Does expecting excellence in church promote performance culture?
No, the article distinguishes between performance and a sincere offering. Excellence is presented as a heart issue where a believer uses the abilities God gave them with preparation and intentionality, rather than assuming that poor effort is synonymous with spiritual humility.
How can a church shift back from 'leftovers' to 'first fruits'?
This change starts with personal intentionality, such as arriving at services rested and prepared rather than exhausted and distracted. It involves prioritizing the assembly of the church, recognizing that giving our best to God is an act of worship that honors Him above all other demands on our time.
Where the question lands
A disrespectful church does not start with open rebellion. It starts with the slow, quiet erosion of reverence. It begins when the fear of God fades, when first fruits become leftovers, and when the local assembly becomes an afterthought rather than a priority. This shift is often exacerbated by bad church leadership, where toxic behavior is ignored rather than addressed, causing a ripple effect throughout the entire church family.

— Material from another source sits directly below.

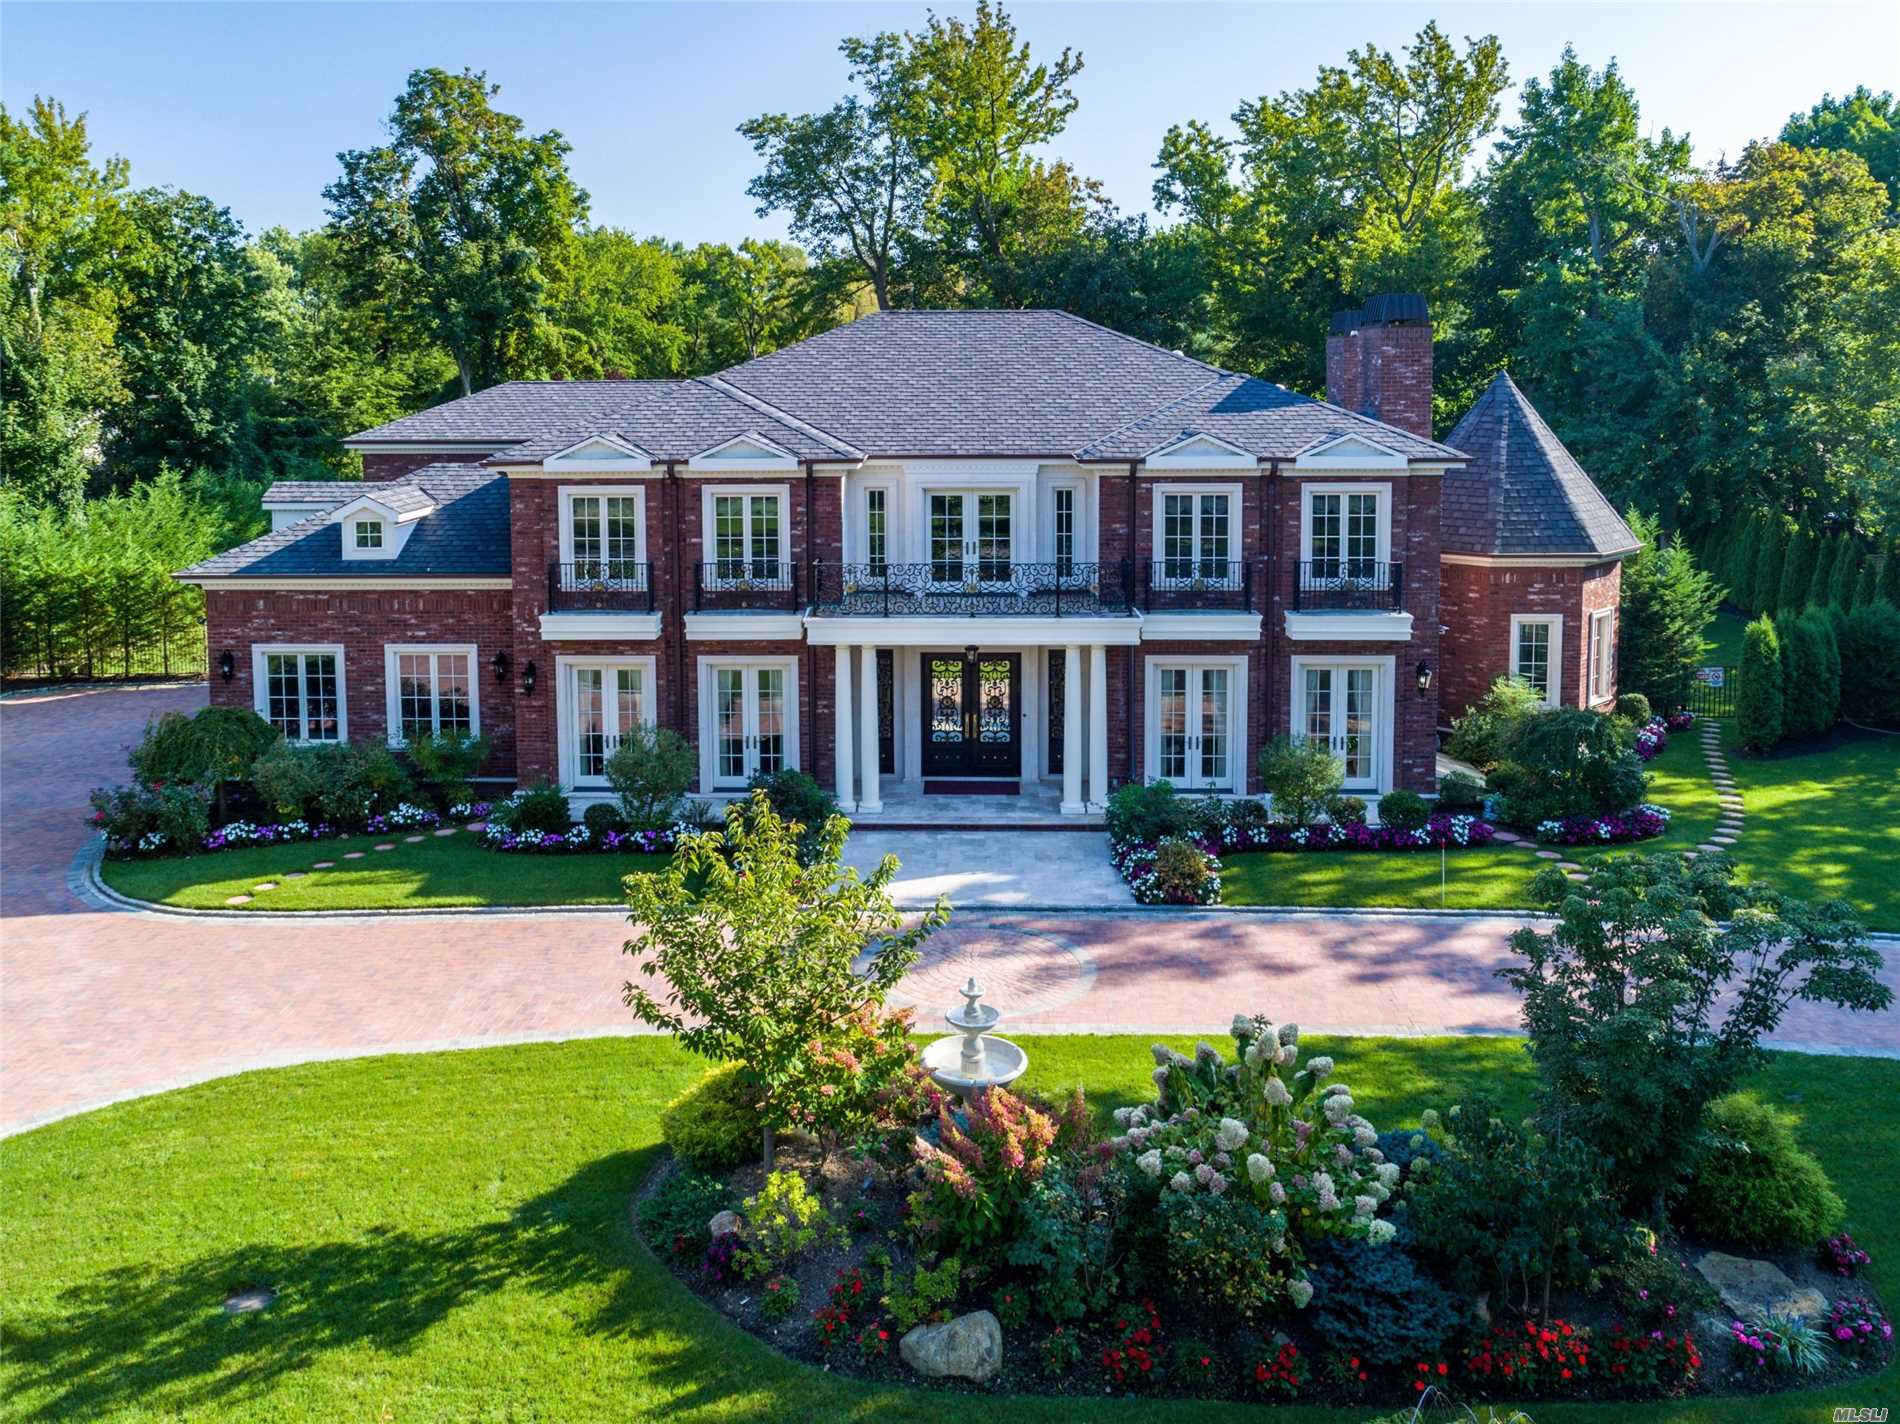 Beauty + Style Abound In This Exquisite 7200 Sq Ft New C//H Colonial Set On Shy Of 1 Picturesque Acre On One Of Kp Most Sought After St.Unique Design Combined With Quality Craftsmanship, Extensive Mill-Work And Lge Pool To Provide The Finest Display Of Indoor Living And Outdoor Entertaining In This Luxury Masterpiece! Large Entertaining Rms, 6 Bedrms, 6 Baths, .

Ultimately, the question of honor is a question of the heart. Healing from church hurt starts when we recognize that excellence is not about performance, but about our posture before God. Healthy church leadership cultivates a non-anxious presence, creating a space where people feel safe and valued. Whether in worship, service, or daily life, the call remains the same: stop offering God the scraps of your time and attention, and bring Him your very best. By choosing to honor God above all else, we can begin the work of restoration and build communities that truly reflect His character.